*** Data for analysis ***

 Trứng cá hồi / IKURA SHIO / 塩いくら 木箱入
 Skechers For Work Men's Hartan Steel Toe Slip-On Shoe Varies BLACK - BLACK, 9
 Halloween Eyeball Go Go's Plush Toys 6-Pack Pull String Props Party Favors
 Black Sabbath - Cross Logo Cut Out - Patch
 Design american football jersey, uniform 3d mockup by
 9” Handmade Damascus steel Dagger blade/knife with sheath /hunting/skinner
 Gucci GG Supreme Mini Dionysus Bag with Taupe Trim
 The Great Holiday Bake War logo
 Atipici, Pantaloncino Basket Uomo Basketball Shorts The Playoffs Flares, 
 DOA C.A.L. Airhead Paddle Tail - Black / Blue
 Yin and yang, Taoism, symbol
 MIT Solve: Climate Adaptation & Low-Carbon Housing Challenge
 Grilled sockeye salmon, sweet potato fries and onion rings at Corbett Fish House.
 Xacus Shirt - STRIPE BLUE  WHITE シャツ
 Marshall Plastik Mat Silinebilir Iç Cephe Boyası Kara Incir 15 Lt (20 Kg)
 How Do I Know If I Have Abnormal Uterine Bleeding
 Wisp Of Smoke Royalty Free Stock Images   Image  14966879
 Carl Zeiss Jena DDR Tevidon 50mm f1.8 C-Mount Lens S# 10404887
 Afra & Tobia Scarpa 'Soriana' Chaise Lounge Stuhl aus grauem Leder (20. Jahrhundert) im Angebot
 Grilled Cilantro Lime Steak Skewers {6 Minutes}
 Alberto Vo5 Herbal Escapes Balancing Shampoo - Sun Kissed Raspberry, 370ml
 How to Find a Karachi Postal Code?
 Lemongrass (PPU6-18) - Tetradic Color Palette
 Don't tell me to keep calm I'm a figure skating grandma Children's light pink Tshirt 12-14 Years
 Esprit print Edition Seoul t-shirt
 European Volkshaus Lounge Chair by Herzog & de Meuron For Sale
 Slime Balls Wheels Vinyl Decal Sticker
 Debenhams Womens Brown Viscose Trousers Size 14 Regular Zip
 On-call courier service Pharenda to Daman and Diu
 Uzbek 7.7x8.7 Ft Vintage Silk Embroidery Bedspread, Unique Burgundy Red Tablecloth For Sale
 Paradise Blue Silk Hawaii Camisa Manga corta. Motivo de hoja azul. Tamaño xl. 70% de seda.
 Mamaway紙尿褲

*** End of Data for analysis ***

**What you should do**
For this exercise, copy the lines from the one that contains "Uzbek 7.7x8.7 Ft" through the last line of the records, exactly and only those.

**Answer section**
 Uzbek 7.7x8.7 Ft Vintage Silk Embroidery Bedspread, Unique Burgundy Red Tablecloth For Sale
 Paradise Blue Silk Hawaii Camisa Manga corta. Motivo de hoja azul. Tamaño xl. 70% de seda.
 Mamaway紙尿褲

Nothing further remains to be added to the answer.